Черти бы его побрали… вместе с Вишняковым!!!
Между тем пришедший низко поклонился и молвил:
– Разрешите отрекомендоваться: капитан швейцарской гвардии его королевского величества Луи XV Якоб Хаг – всегда к вашим услугам!
Потом сразу же задрал голову и стал осматривать стены и потолок комнаты выпученными глазами, словно искал там что-то очень важное.
– На что вы смотрите, любезный капитан? – поинтересовался Вишняков, вместе с тем послав Неплюеву короткий, но выразительный взгляд: дескать, сейчас увидишь что-то интересное…
– А почему здесь у вас потолок не расписан?
– А почему это вас удивляет? – спросил Вишняков с едва заметной иронией и снова многозначительно поглядел на Неплюева.
– Ну-у-у, как это – почему? Как – почему?.. – Казалось, швейцарец даже немного вознегодовал. – Вот в патриаршей резиденции – там везде картины… то есть иконы. Тогда как у вас…
– Ну, знаете!.. Мы все ж таки на магометанской территории находимся.
– А патриарх?!
– В отличие от его святости, в нашу резиденцию магометане заходят весьма часто, – подключился к разговору Неплюев. – Не следует раздражать их недозволенными изображениями. По крайней мере, в гостиной…
– А-а-а, да! Хм-м-м… Справедливое замечание, вполне справедливое! Об этом я как-то не подумал, знаете, – абсолютно искренне сознался гость. Казалось, он даже не подозревал, что таким образом выставляет себя в не слишком выгодном свете. Вишняков в третий раз поглядел на товарища, однако теперь закатил глаза под лоб и пренебрежительно скривил губы. Неплюев только плечами пожал и постучал себя кулаком по виску.
Швейцарец между тем продолжал рассматривать белый потолок так и сяк, абсолютно не обращая внимания на хозяев, казалось, даже забыв о них. Рассматривал, пока у него с головы не слетела шляпа и не упала на пол. Тогда капитан коротко бросил: "Ой, простите!", – и как-то поспешно и суетливо принялся поднимать и отряхивать шляпу, потом внимательно осмотрел ее со всех сторон, с видимым облегчением вздохнул и сказал, как-то растерянно улыбаясь:
– Простите, господа, думайте, что хотите – на то воля ваша… Но мне все же не нравятся голые стены вашей гостиной! Я, знаете, привык совсем к другому. Вот, знаете, в Версале… Или даже не там, а хотя бы, например, во дворце маркиза де Шовлена…
Сказав это, швейцарец вдруг умолк – словно язык проглотил. В гостиной повисла напряженная тишина.
– Так что же там есть – в тех ваших дворцах? – не утерпев, в конце концов переспросил Неплюев.

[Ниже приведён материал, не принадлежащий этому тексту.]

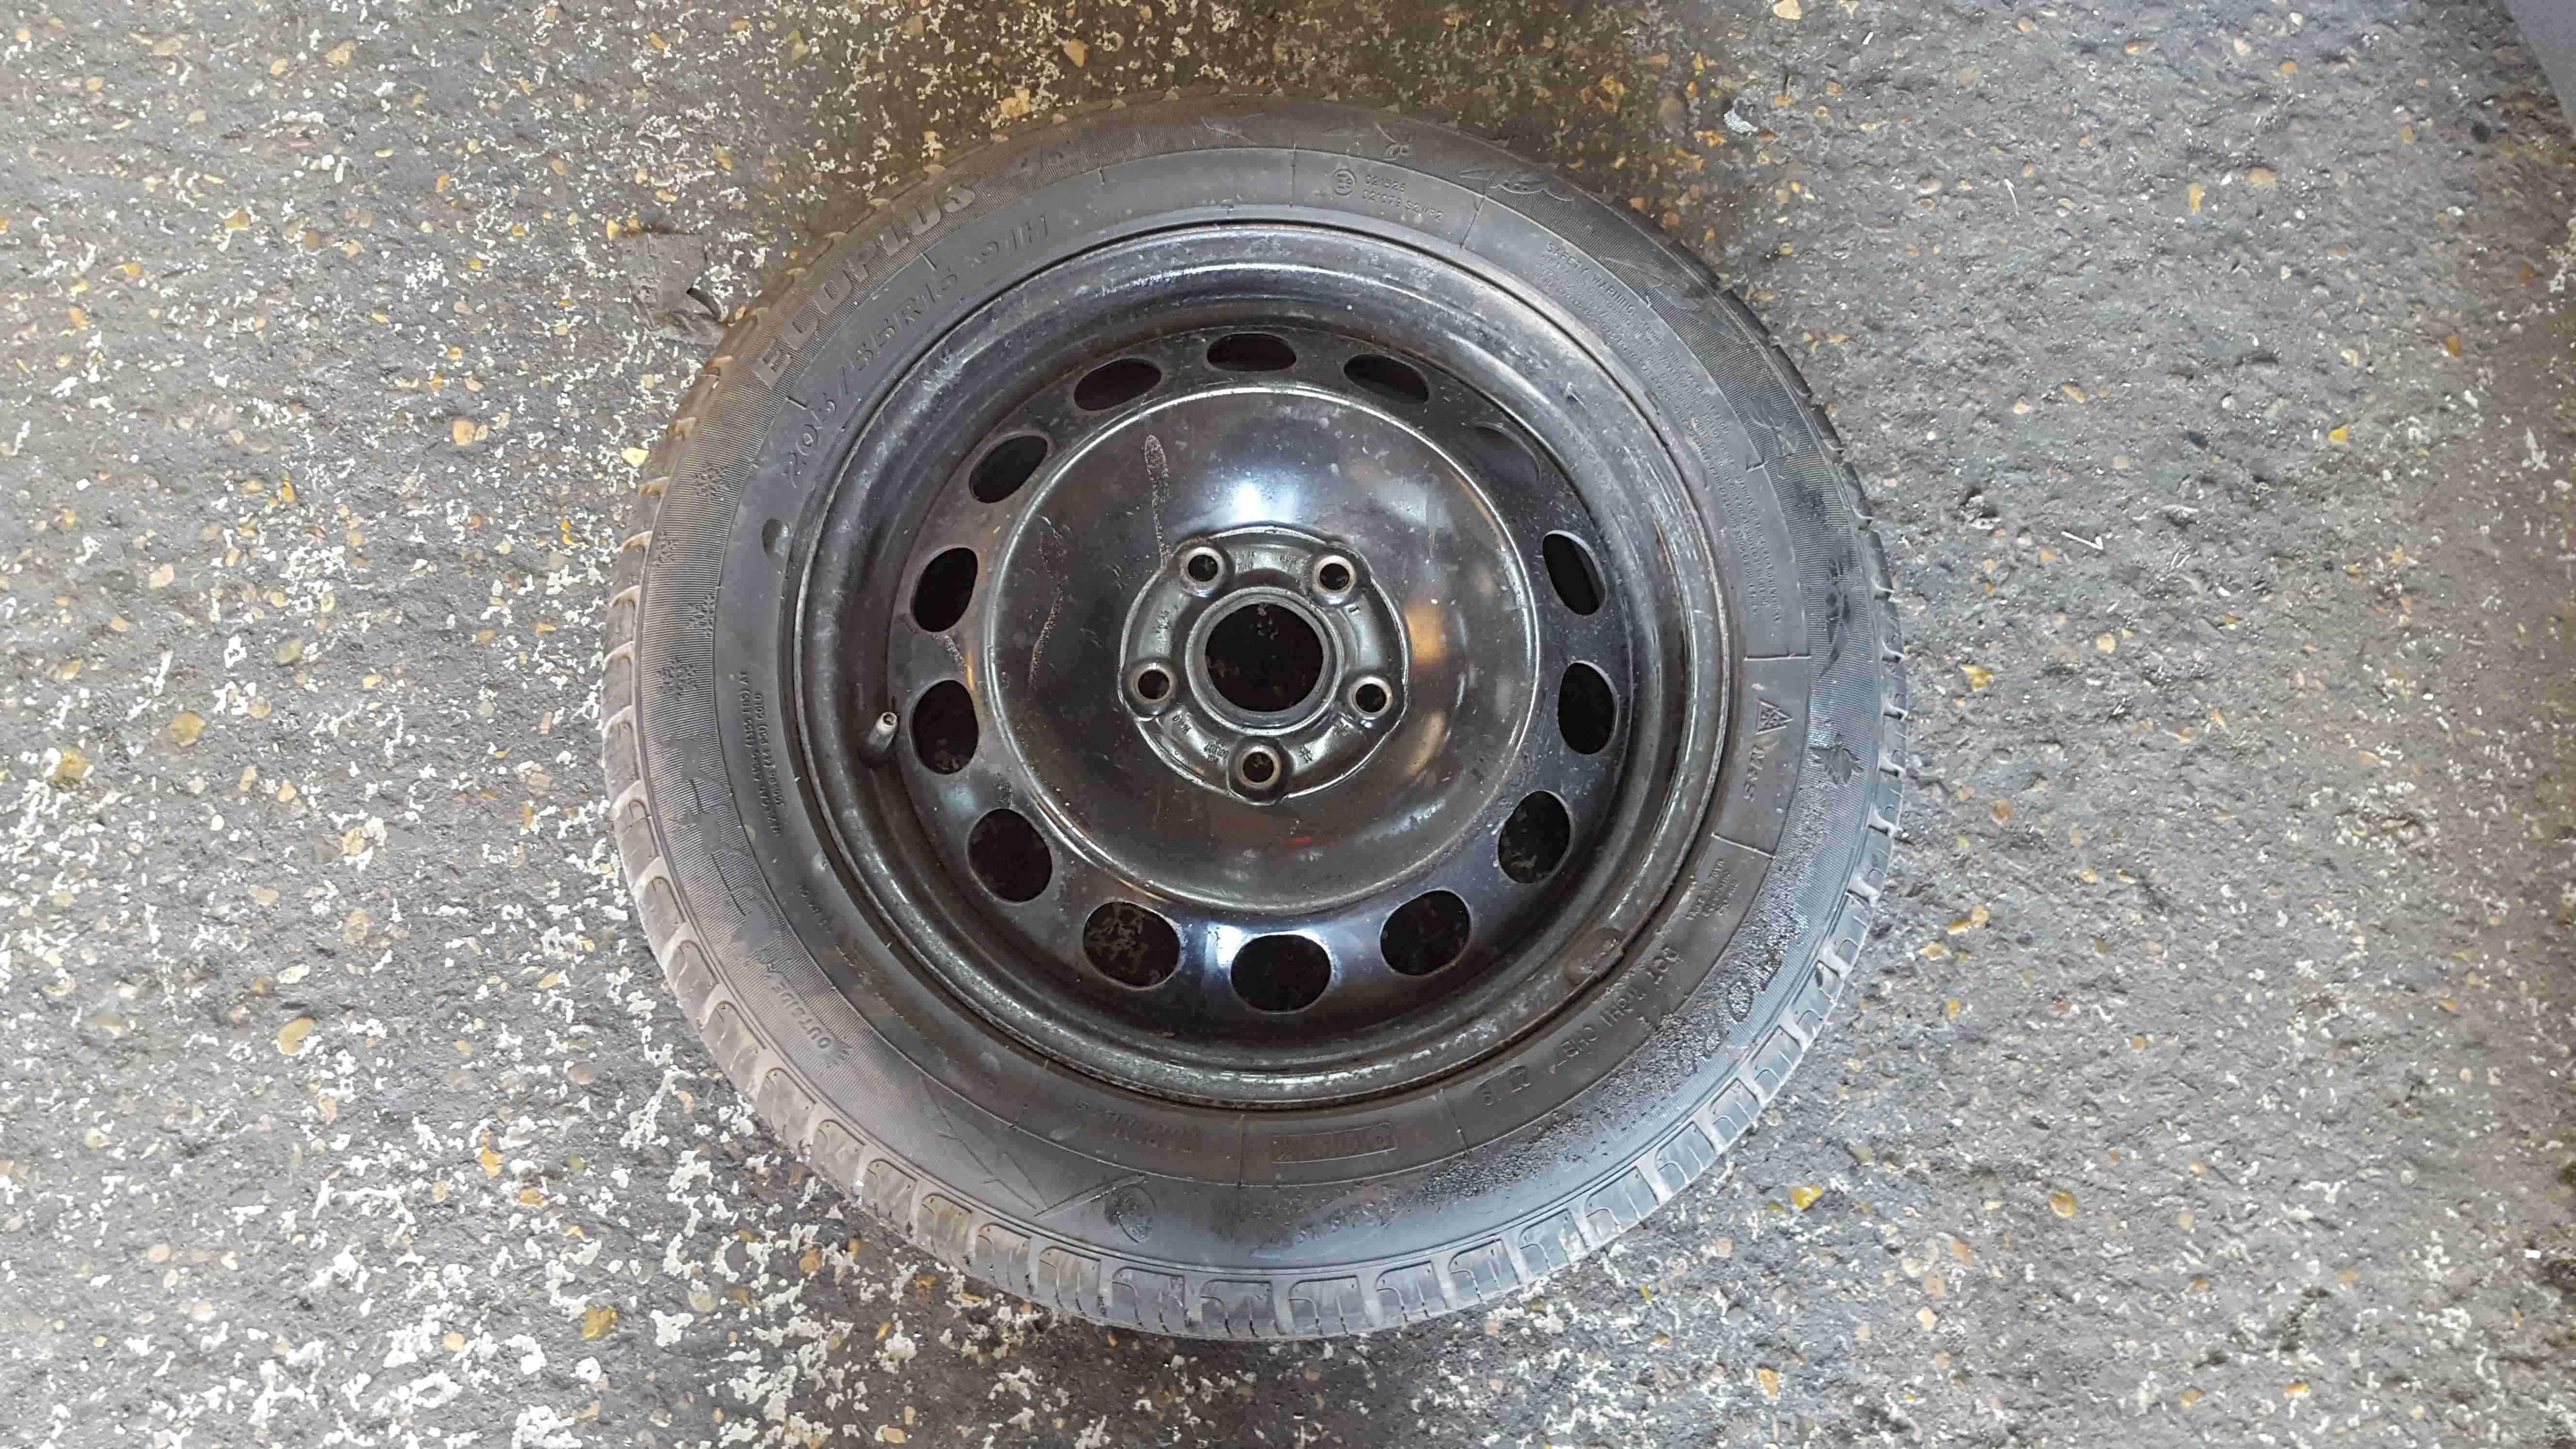 Volkswagen Golf MK5 2003-2009 Steel Wheel Rim + Tyre 205 55 16 8mm Tread
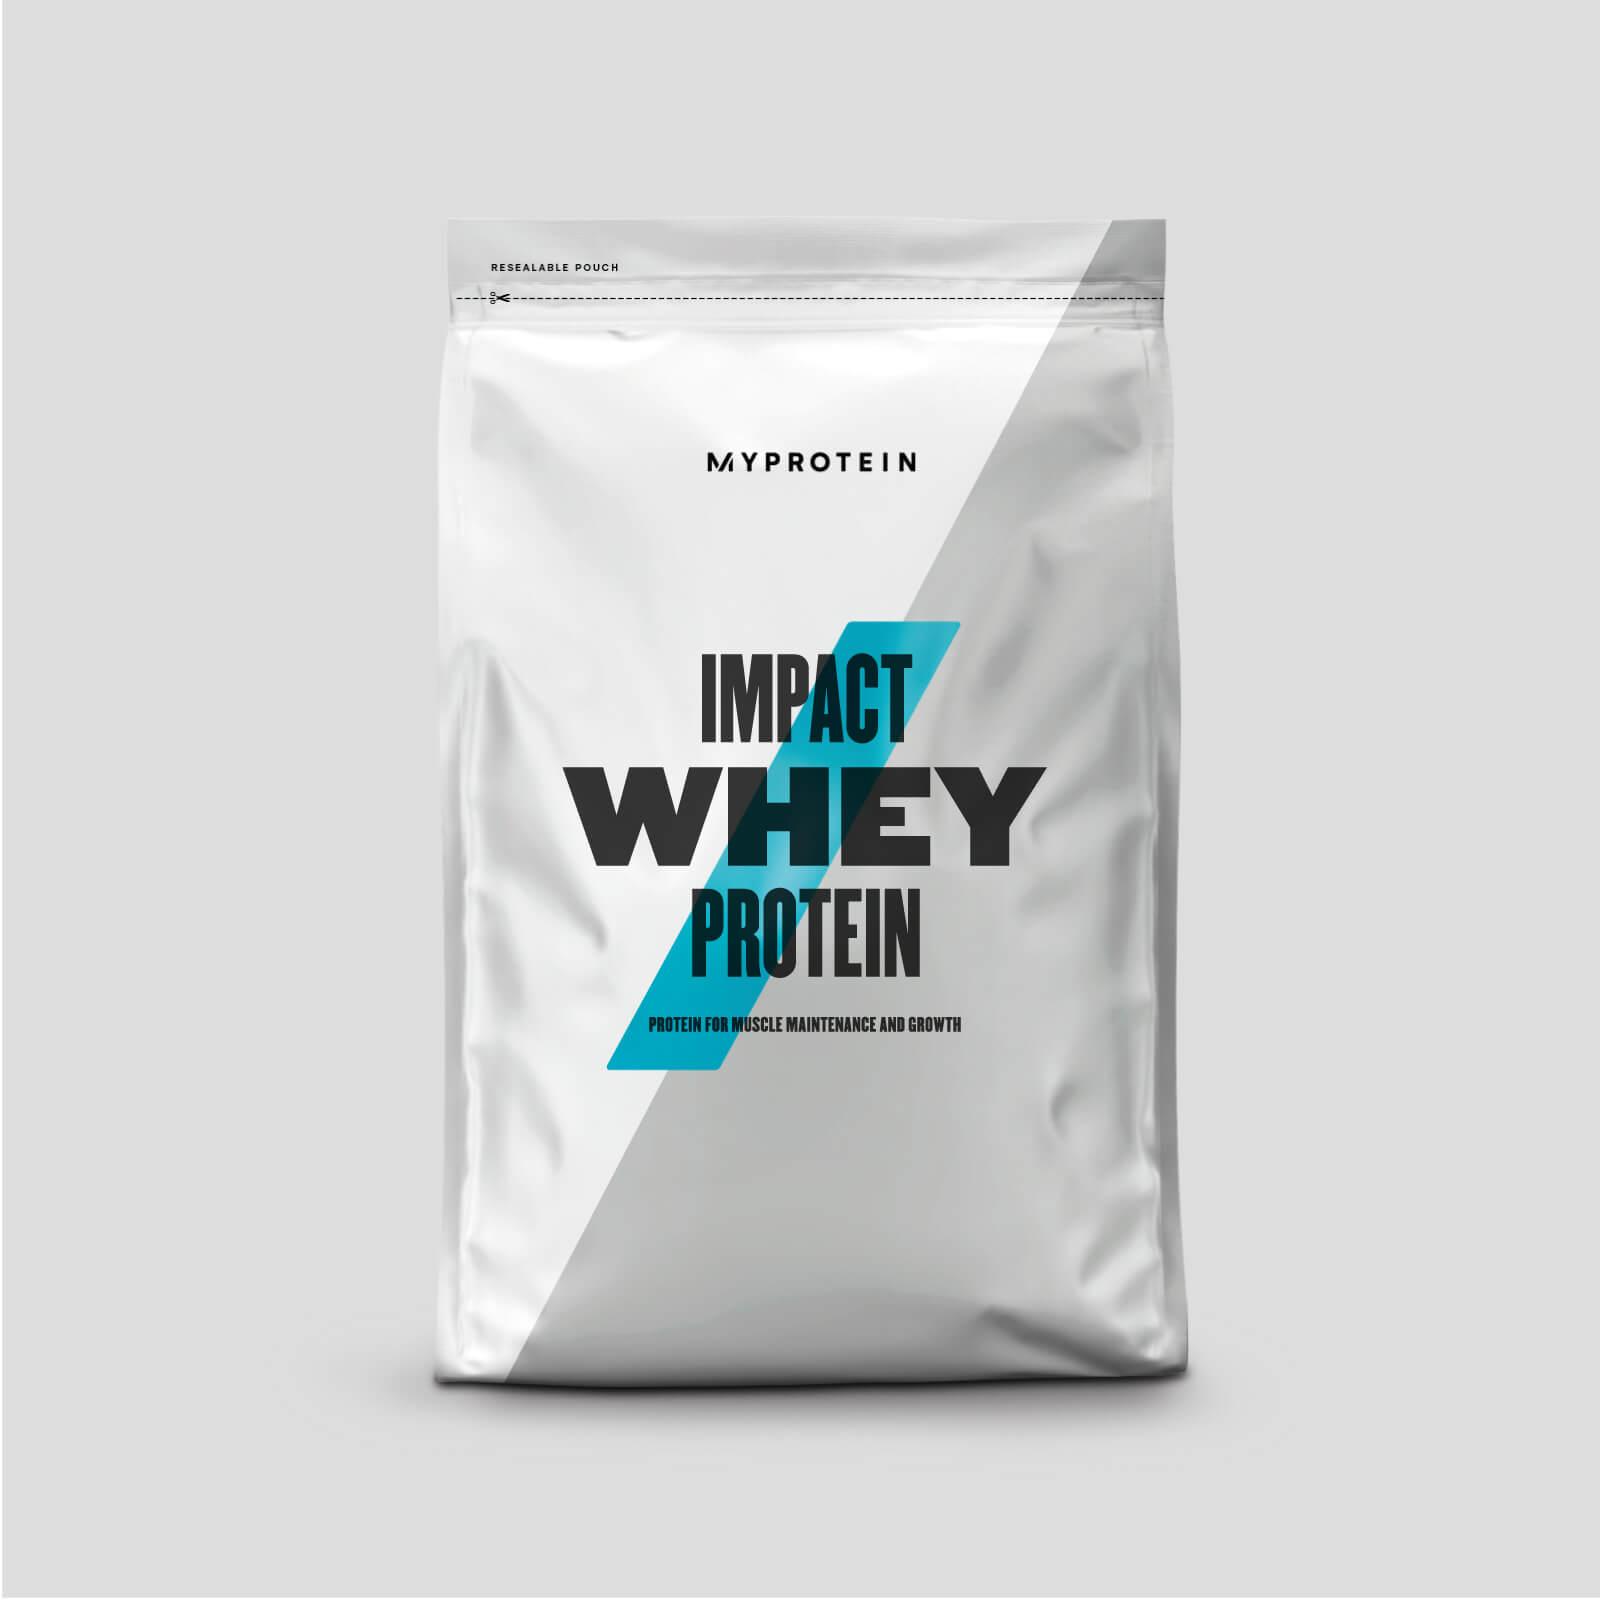 Myprotein Impact Whey Protein - 2.5kg - Menthe chocolat

– А? Что? – Гость аж дернулся, словно опомнившись после пробуждения, и вытаращил на российских резидентов и без того немного выпученные светло-карие глаза.
– Вы сказали…
– А-а-а, да! Сказал, сказал, – капитан Хаг вновь смущенно улыбнулся. – В тех дворцах, знаете, росписи – везде пышные настенные росписи! Вот к чему я привык, а не к голым стенам. Впрочем, в подобной простоте есть своя привлекательность.
Теперь на немного одутловатом лице гостя засияла такая теплая и кроткая улыбка, что от удивленного вопроса не удержался уже Вишняков:
– И в чем же она заключается, любезный капитан?
– Это так напоминает мне белизну коровьего молока…
– Молока?! – в один голос переспросили российские резиденты.
– Да-да – молока! Знаете ли, какое вкуснейшее молоко дают настоящие швейцарские коровы? О-о-о, боюсь, вы этого не знаете и навряд ли когда-то узнаете – конечно, если не посетите родную мою Швейцарию…
На протяжении следующего получаса Неплюев и Вишняков с непрерывно нарастающим отчаянием вынуждены были выслушать длиннейшую лекцию о настоящих швейцарских коровах, свойствах настоящего швейцарского молока, особенностях приготовления настоящего швейцарского сыра и его отличия, например, от сыра голландского или того же французского. При этом капитан Хаг успел вспомнить пару-тройку интересных эпизодов из детства, которое прошло в небольшом альпийском имении его родителей, и сравнить знойный стамбульский климат с прохладой горных лугов.
– Послушайте, любезный капитан, – наконец прервал его словоизлияния Неплюев, – вы так вкусно рассказываете о простой крестьянской пище, о молоке и сыре, что мне захотелось немного перекусить.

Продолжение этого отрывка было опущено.